Conflict Minerals

Policy for the Conflict Minerals Issue

In the Democratic Republic of the Congo (DRC), the environmental destruction and inhumane acts against local residents perpetrated by armed anti-government militia forces have become a major international issue.

Minerals such as tantalum, tin, tungsten and gold mined illegally in the DRC and adjoining countries have become a source of financing for the armed anti-government militias, and hence, these minerals are called "conflict minerals." With the establishment of the conflict minerals provision of the Dodd-Frank Wall Street Reform and Consumer Protection Act in the US in July 2010 and the declaration of the Due Diligence Guidance for Responsible Supply Chains of Minerals from Conflict-Affected and High-Risk Areas by the OECD, companies that use these minerals for the manufacture or functionality of their products are being strongly urged to conduct their activities appropriately, in an effort to cut off funding to such armed forces.

As a member of the global community, Dynabook is conducting appropriate measures guided by the basic policy outlined below.

For the purpose of not being complicit in the human rights abuses and environmental disruptions, etc. associated with conflicts in the Democratic Republic of the Congo, any raw materials, parts, products, etc. which include any conflict minerals mined illegally in the Democratic Republic of the Congo or in an adjoining country shall neither be procured nor used. In addition, appropriate measures, etc. to that effect shall be taken.

In order to ensure compliance with this Policy, Dynabook requires our suppliers to source materials from smelters determined to be conflict-free under the Conflict-Free Smelter Program (CFSP), established by the Conflict-Free Sourcing Initiative (CFSI), or other equivalent mechanisms. In addition, Dynabook conducts appropriate measures with the OECD Due Diligence Guidance for Responsible Supply Chains of Minerals from Conflict-Affected and High-Risk Areas or other internationally-recognized due diligence framework.

Addressing the Conflict Minerals Issue

Dynabook Inc. and its subsidiaries developed and implemented a policy prohibiting use of tin, coltan, wolframite, tantalum, tungsten, and gold, whose extraction or trade supports conflict in the Democratic Republic of Congo or adjoining countries, and/or contributes to inhumane treatment, including human trafficking, slavery, forced labor, child labor, torture and war crimes in the region.
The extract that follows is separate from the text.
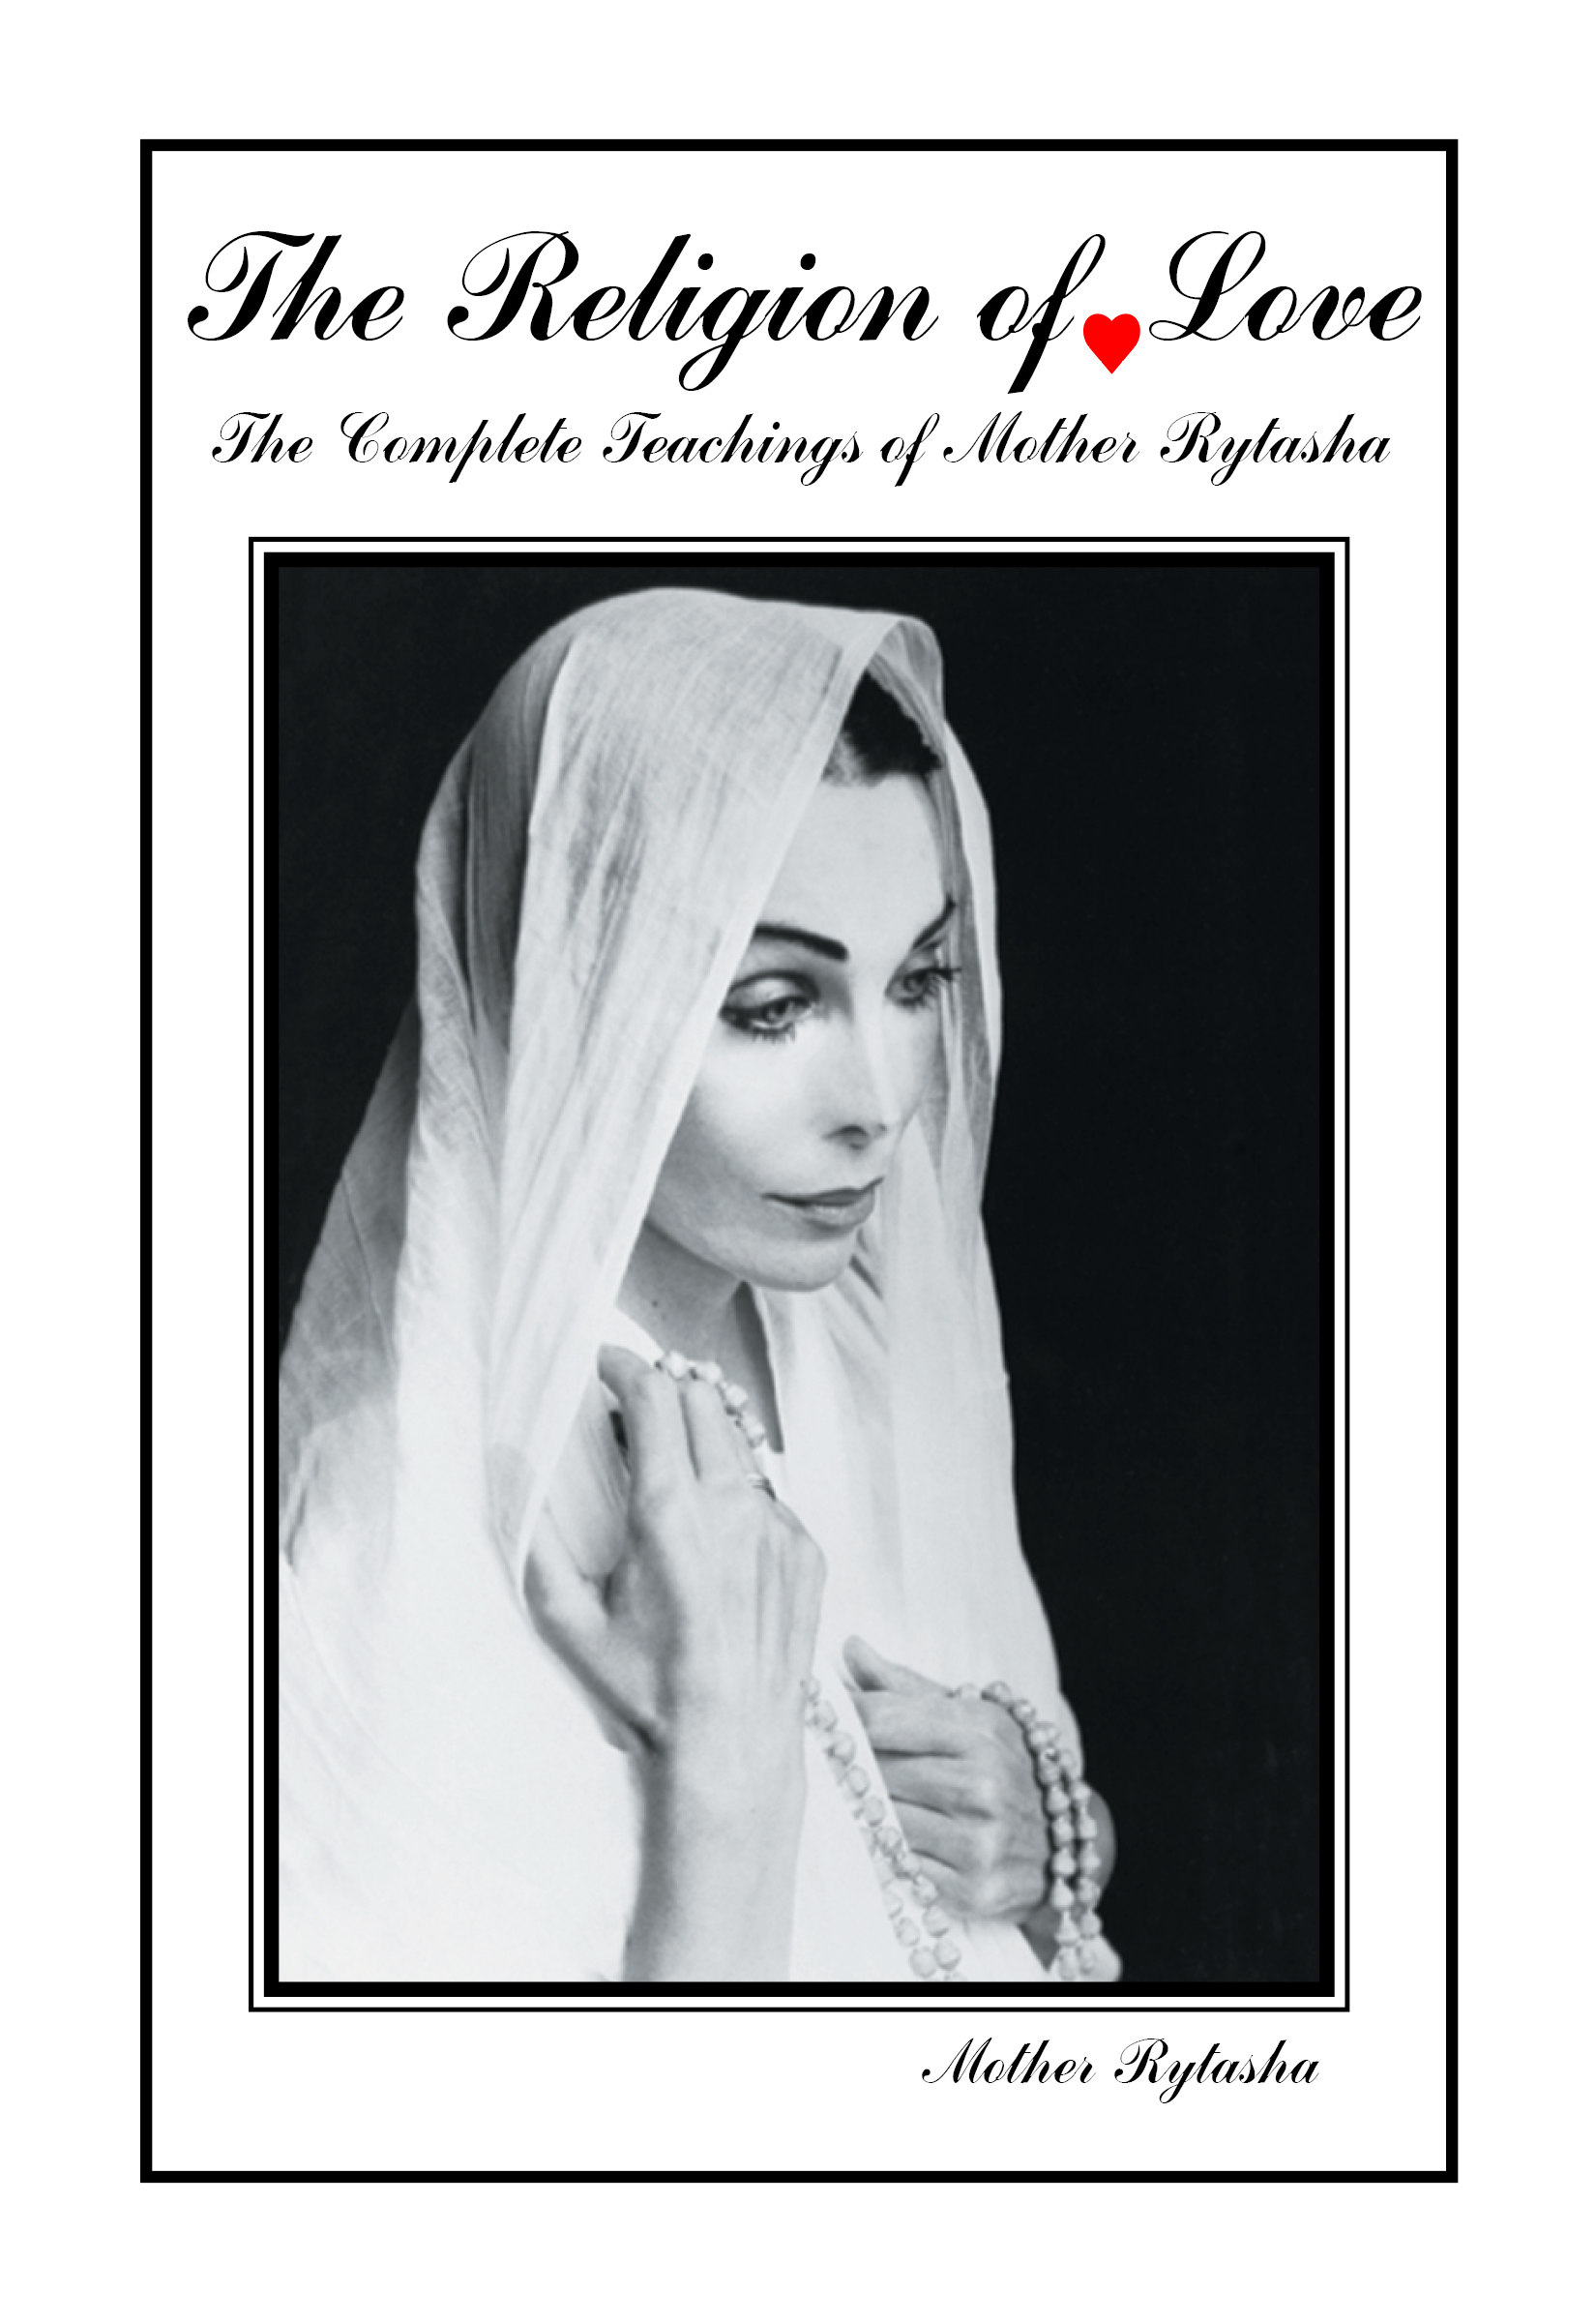 The Religion of Love: The Complete Teachings of Mother Rytasha

  • We follow the OECD Due Diligence Guidance for Responsible Supply Chans from Conflict-Affected and High Risk Areas to investigate our supply chain and engage with suppliers.
  • We identify the factual circumstances involved in the extraction, transport, handling, process, smelting refining and alloying, manufacturing or selling of products that contains minerals originating from conflict-affected and high-risk areas.
  • We expect our suppliers to have policies and due diligence practices in place to assure that products and components supplied to Dynabook Inc. are not sourced from conflict mines.
  • We identify and assess any actual or potential risk by evaluating the factual circumstances against standards set out in the company's policy for the Conflict Minerals Issue.
  • We prevent or mitigate the identified risks by adopting and implementing a risk management plan. These may result in a decision to temporarily suspend trade through the course of risk mitigation process, or disengage with a supplier.
  • We participate and support Responsible Minerals Assurance Process (RMAP). The RMAP program allows Dynabook Inc. to use only conflict-free compliant smelters.
  • We request our suppliers to provide us, due diligence information on the sourcing of the tin, tantalum, tungsten and gold in our supply chain.

We conduct conflict minerals survey for our supply chain as part of its due diligence using the Conflict Minerals Reporting Template (CMRT) developed by RMI (Reasonable Materials Initiative).